Tim Barrus, New York Times

I am a communist. Is it the duty of the Internet to be able to give us a pathway of words that help us understand Why Are You Here. Why is it we are obligated to dumb down communication to the bureaucratic level of the third grade. This my summer vacation. This is a dog. This is pornography. This is the Queen in a cowboy hat. Artificial intelligence is artificial. An Italian woman smiling. Les Demoiselles d’Avignon is a carving of naked women whose noses are firehoses. This is an ear the artist cut from his head. This is a dog (it’s a fox). This is a horse. Actually, it’s a merry-go-round. The Internet is already stupid. I’ve taught third-graders who can outwit it. The Internet already employs complete fictions when it appoints itself as censor of the world. I am supposedly born in three countries simultaneously. I have not published in 25 years (a lie).
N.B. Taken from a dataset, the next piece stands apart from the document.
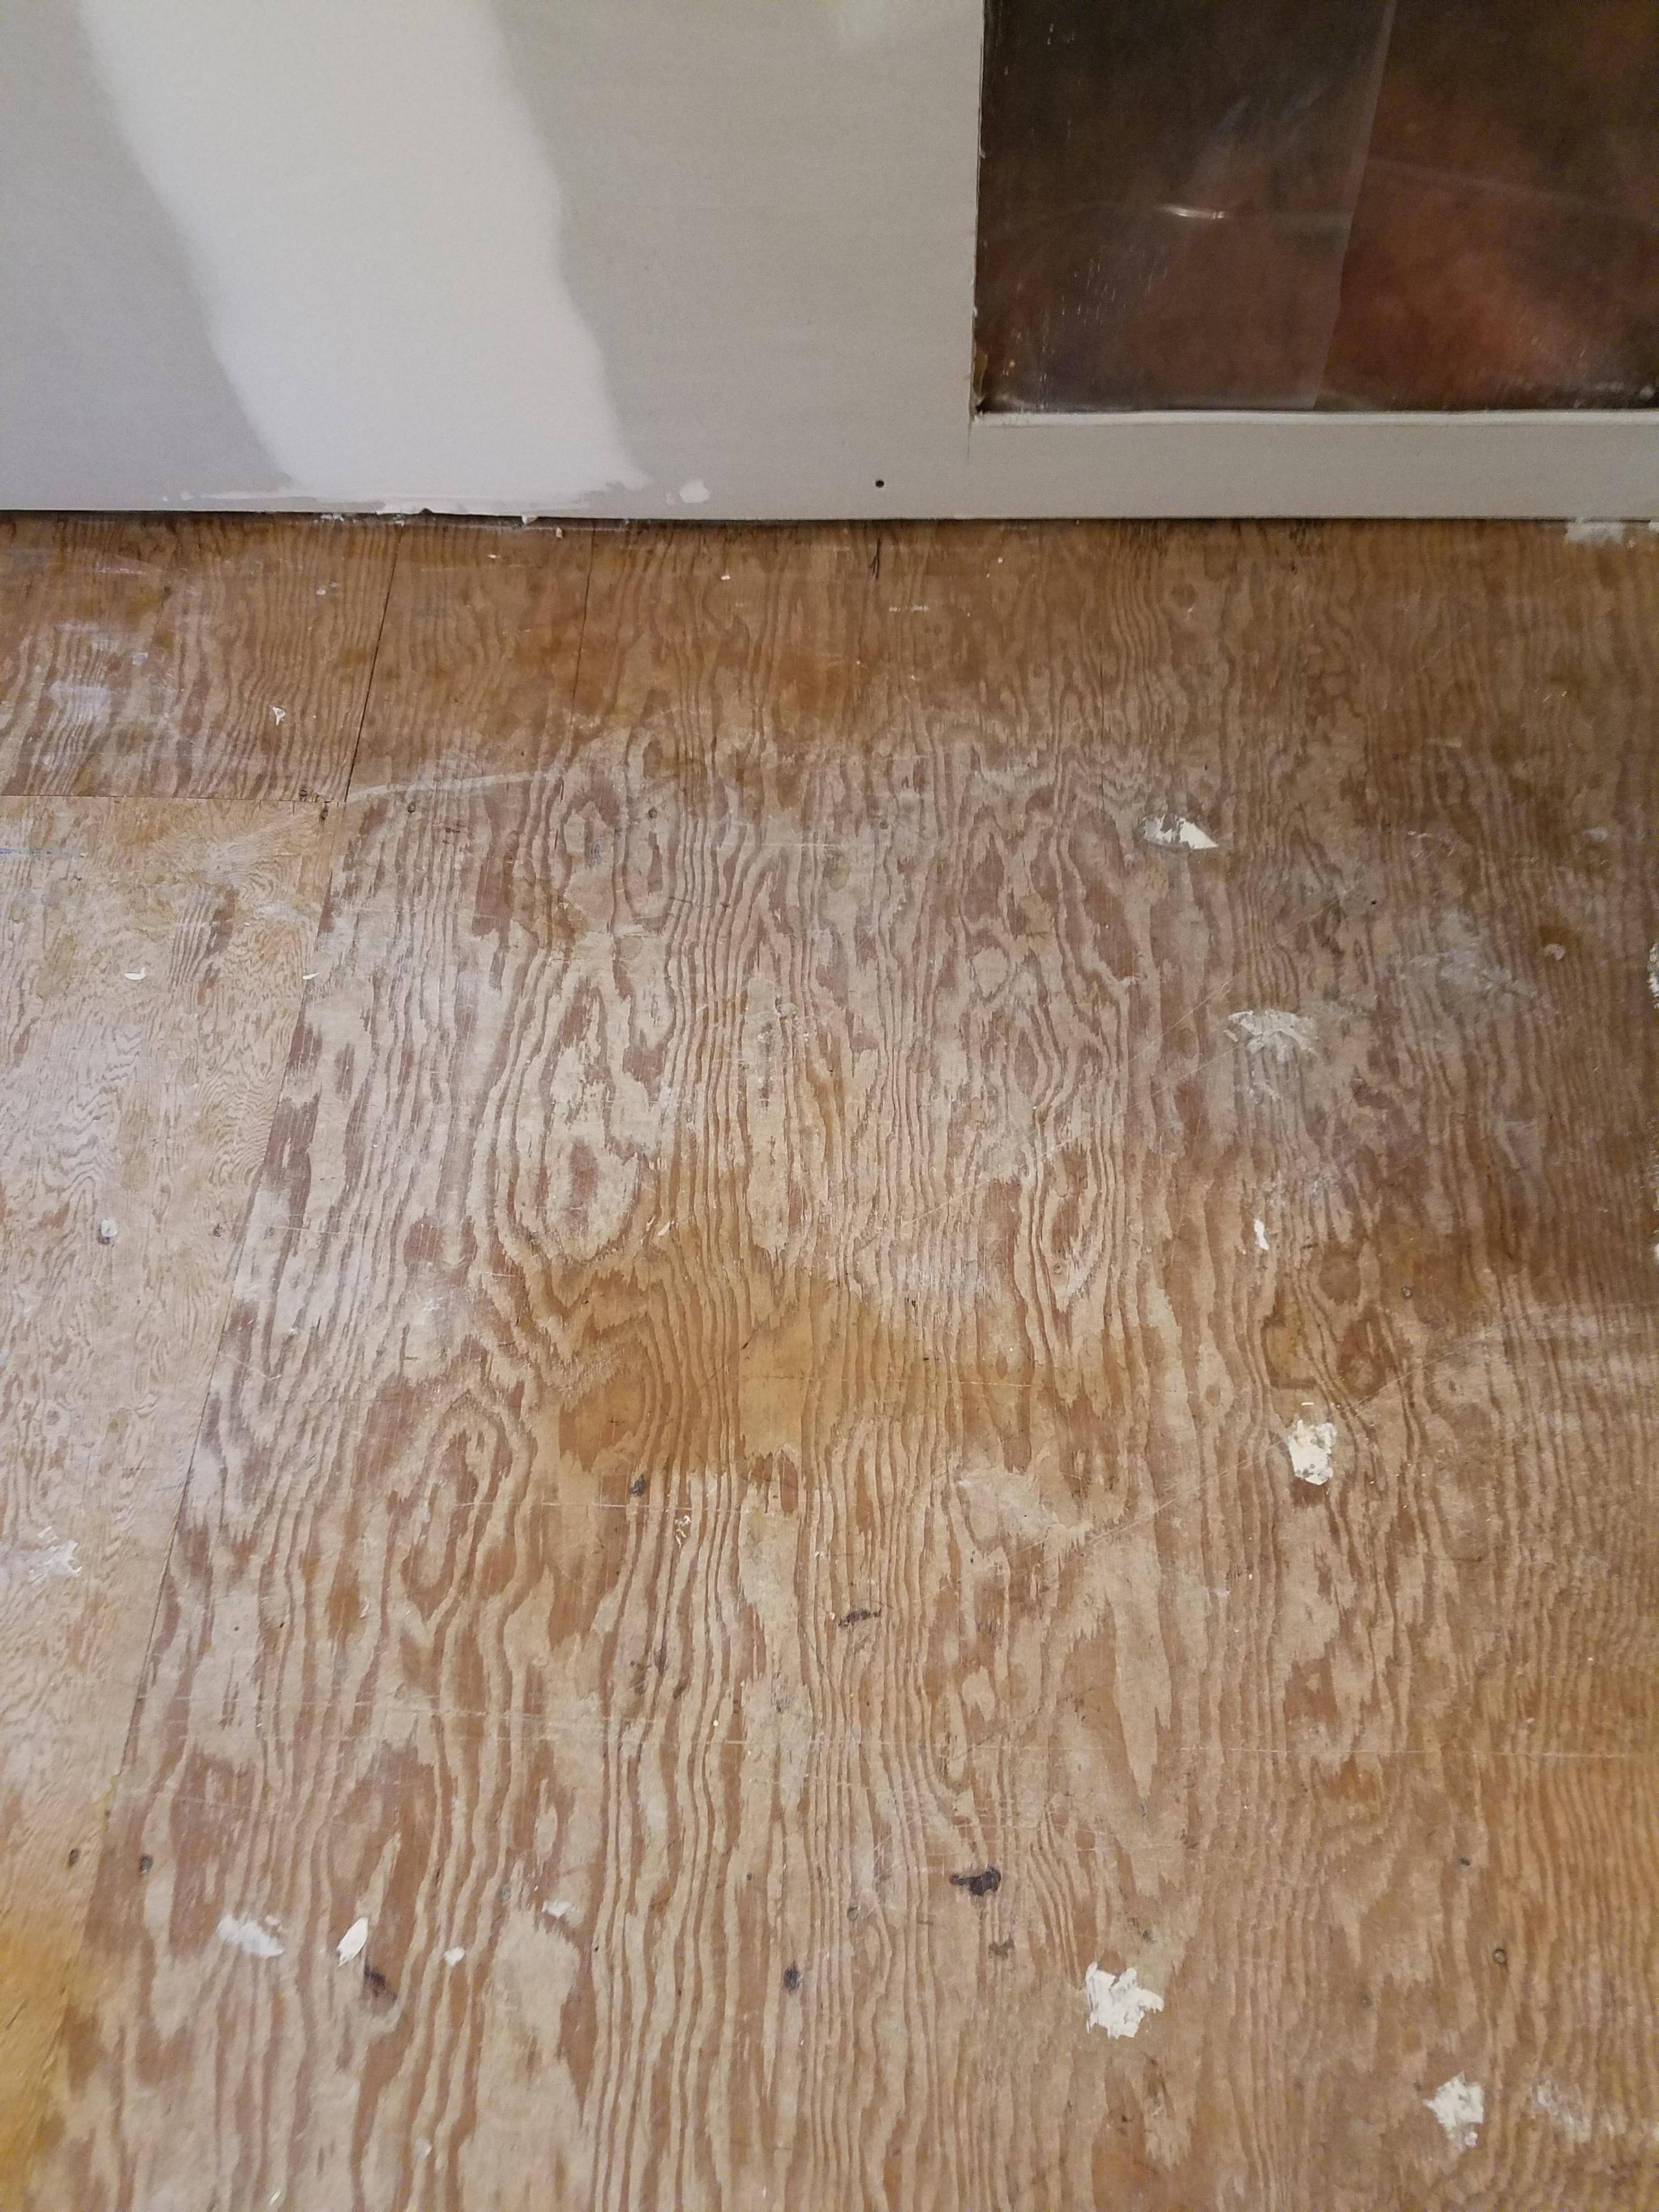 How Do You Clean Plywood Floors?

I am not a photographer (LA’s Flaunt Magazine). I have hustled the rich people of North Carolina. Duh. Then, you come to Appalachia. I am living in a cabin near Jump Off Rock, and I get around on a dirt bike. I only use a GoPro and not the silly cameras I supposedly have used for years. Why is it the Internet’s job to tell the world where my second ex-wife lives. Actual Reporters roam my high school’s halls. Did he go to school here. Yes, but he’s gay. Text is irrelevant. Photography is irrelevant. Art is irrelevant. This is a very unamused man sitting in a red chair. This is a lynching. The Internet is always wrong. Always.